Photo credit: Carlos Muza

Putting the POV together

As you might imagine, gaining that perspective means you must have access to the right information. And beyond that, you must have tools that allow you to turn that information into actionable insight—quickly and accurately. That’s where Databook comes in. Our platform is designed to do the heavy lifting, applying machine learning and Artificial Intelligence (AI) technologies to both curate and analyze millions of data points of customer data in real time. Databook solutions also deliver this insight to you through intuitive visuals and automated deliverables, so everyone on the go-to-market team can easily fulfill their responsibilities in the sales cycle.

Backed by Databook’s powerful AI, you can work on constructing a customer POV that encompasses all the necessary elements for driving deals:

  1. Awareness of a company’s current operating context. This is imperative prior to beginning a sales cycle with a potential customer. Ensuring budget cycle alignment, determining COVID impact, and understanding financial performance can help sellers not only improve solution suggestions, but also prevent wasted time and effort on deals that are destined to go nowhere. 
  2. Insight into the target company’s financial case for change. A financial case for change can consist of underperformance, value-erosion, or even outperformance. By demonstrating an understanding of which value drivers represent areas of underperformance, sellers can prioritize solutions that improve areas of financial weakness, while relegating those that are less likely to be of interest. For example, an oil and gas company hemorrhaging cash flow is less likely to invest in a more expensive ERP solution today. 
  3. Understanding of executive-level strategic objectives. This is the qualitative piece that aligns solution offerings with company priorities (and executive compensation metrics). Worked strategically, it can catalyze increased C-suite interest, driving deal size substantially higher. 
  4. Ability to anticipate customer needs. These should be clear-cut examples of how your solutions can transform the company’s areas of financial underperformance while directly aligning to executive priorities. Provide these, and you’ll position yourself as a strategic partner, eager to solve problems, as opposed to a tactical seller who’s only in it for the win. 
  5. Specific business outcome expectations. Like it or not, numbers and metrics rule—particularly if you’re meeting with executives. By outlining the quantifiable impact of proposed solutions with an eye-catching revenue or profit improvement, you’ll generate increased interest from key buyers.

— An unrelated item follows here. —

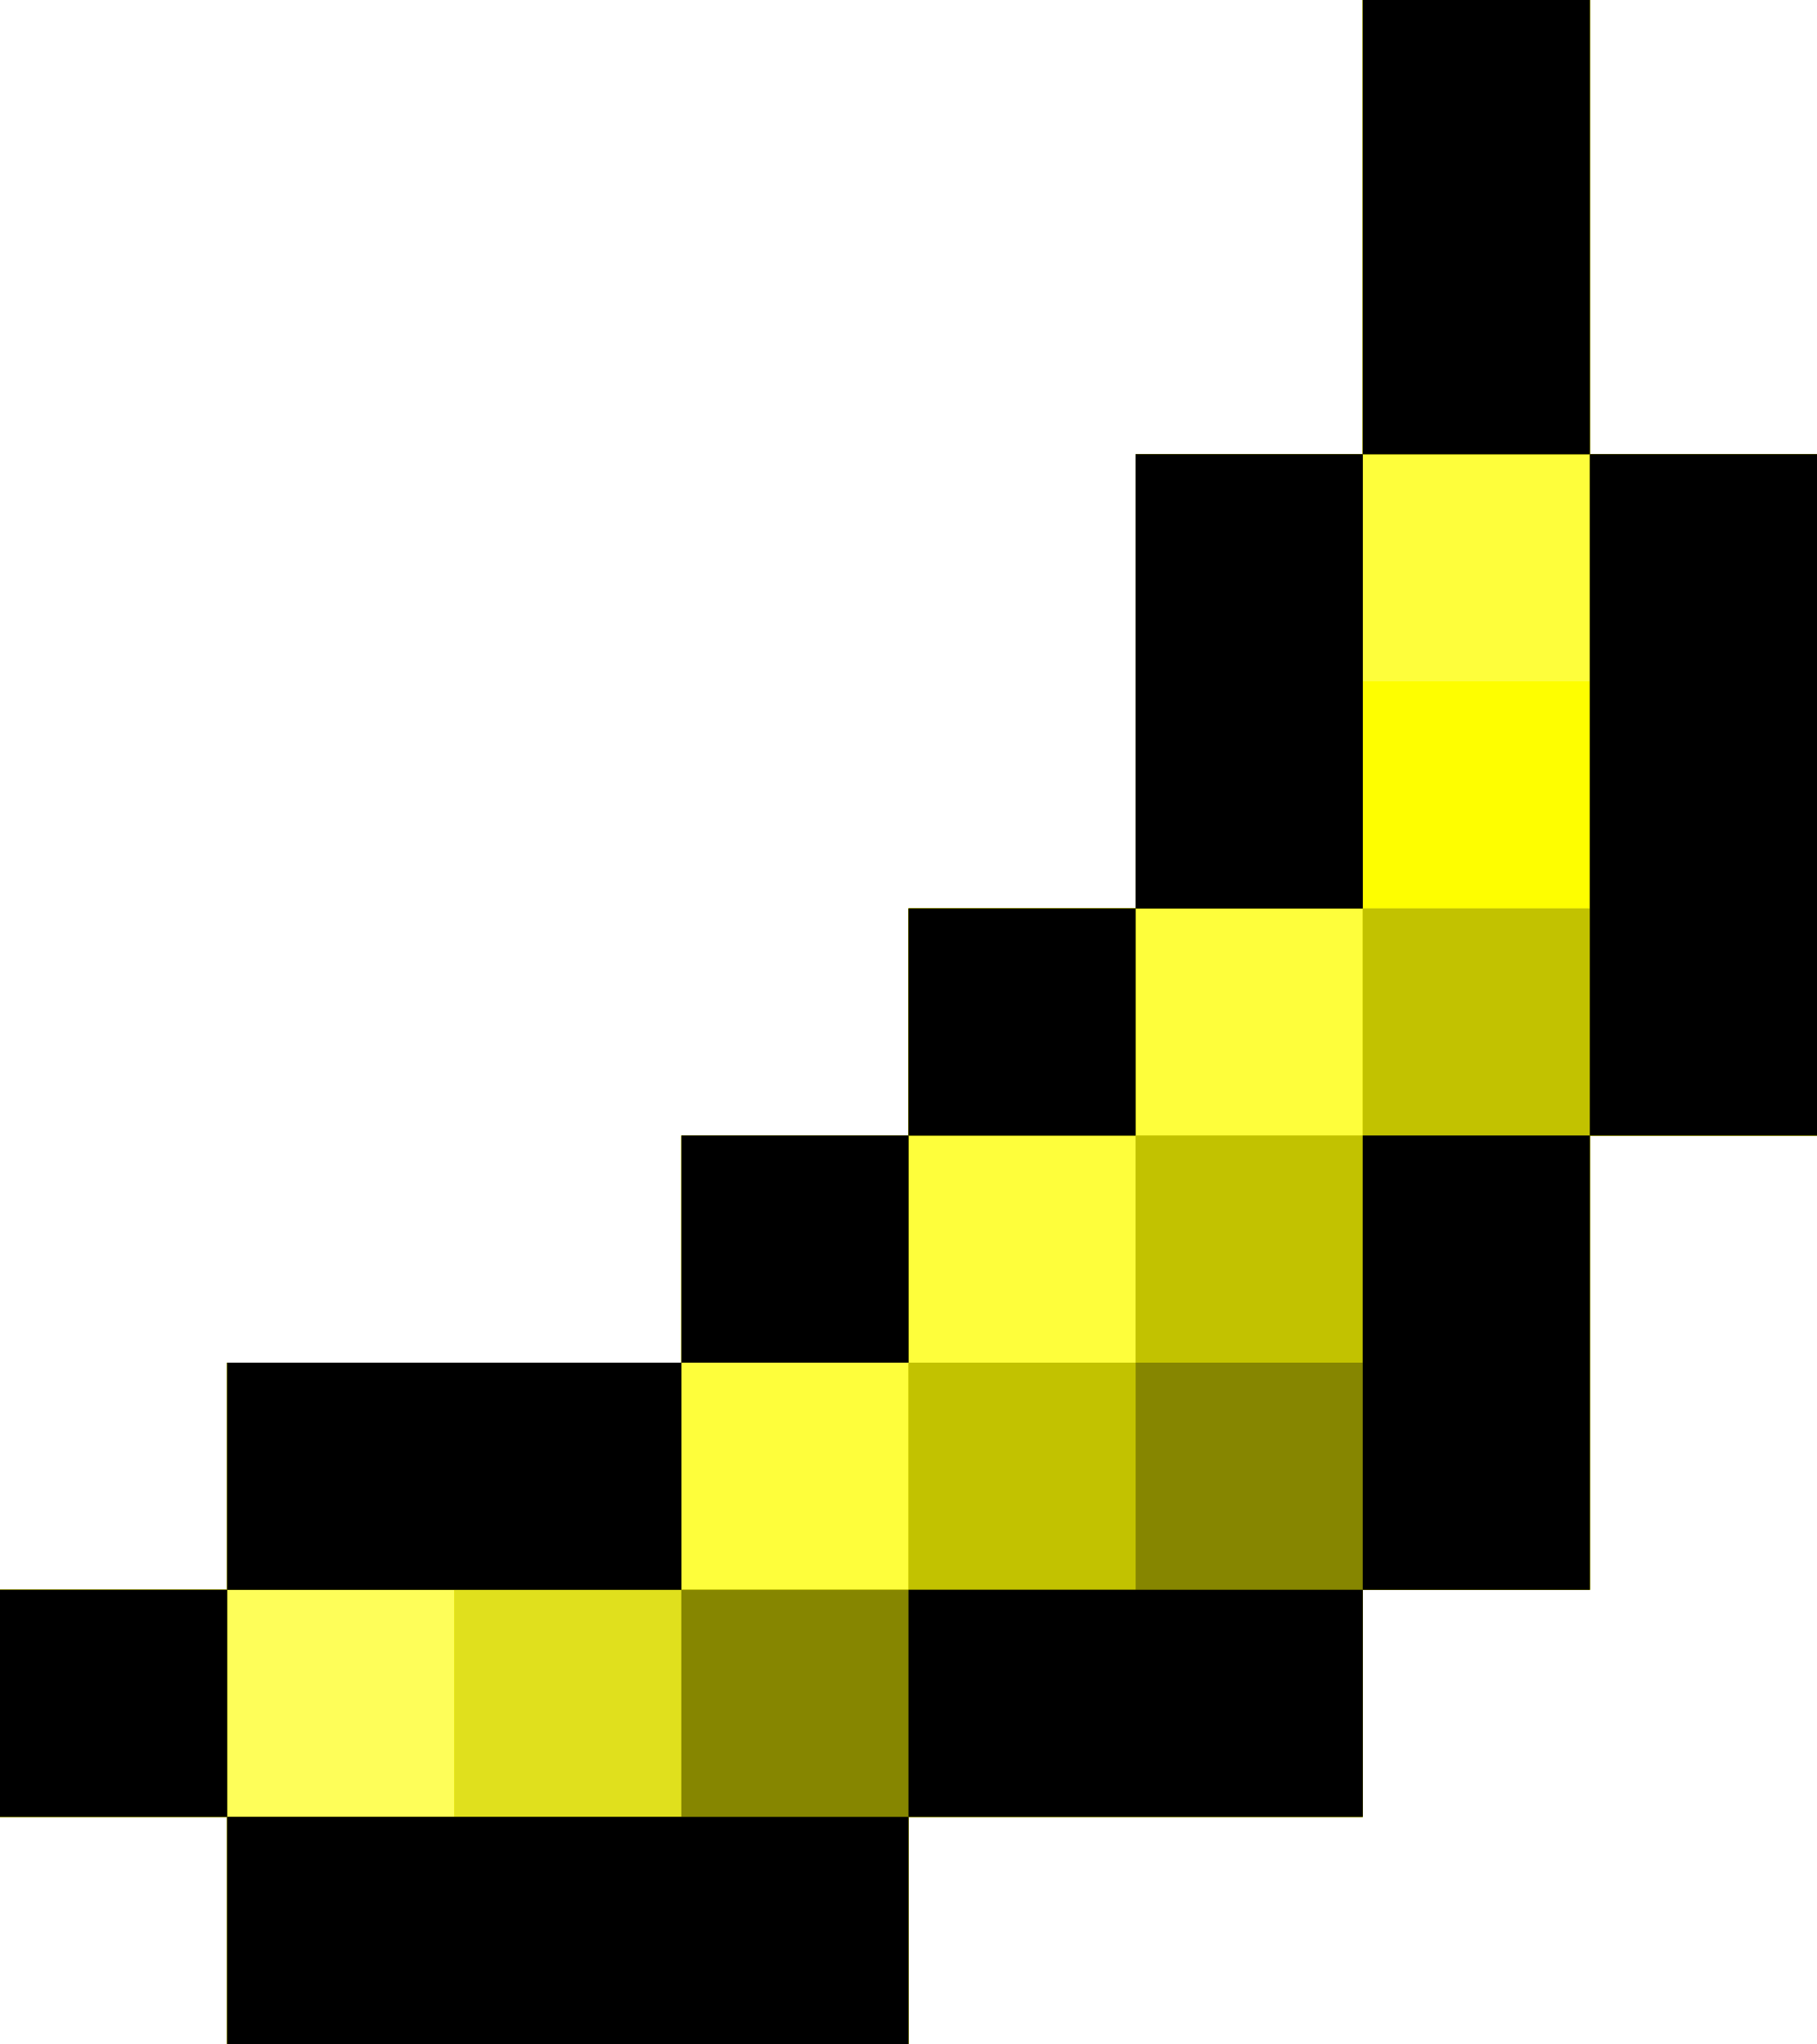 Pixel clipart banana Banana Clipart Pixel by isaiah658

Last month, the 2020 Salesforce State of Sales report demonstrated very clearly that reps understand the importance of building a strong relationship with their customers. In fact, 83% of survey respondents agreed that it’s imperative to build customer trust before a sale, and 88% said today’s economic climate makes it critical to anticipate customer needs. But perhaps more telling is the fact that top-performing reps are 1.5x-4.5x more likely to be closely tracking customer insights across things like purchase history and competitor activity, and they’re 2.7x more likely to leverage AI along the way. 

Without a doubt, this shows that today’s highest performing sales professionals recognize the importance of building a customer POV. They know deep customer understanding is the key to aligning proposed solutions with a company’s financial case for change and executive priorities. And they know that alignment is what ultimately drives bigger deals, faster, through the line of business. 

It’s not an easy journey, but we at Databook are confident our solutions simplify the process to help top performers succeed. And we believe that, just like riding a bike, learning to build a compelling customer point of view is a skill that will serve you for life.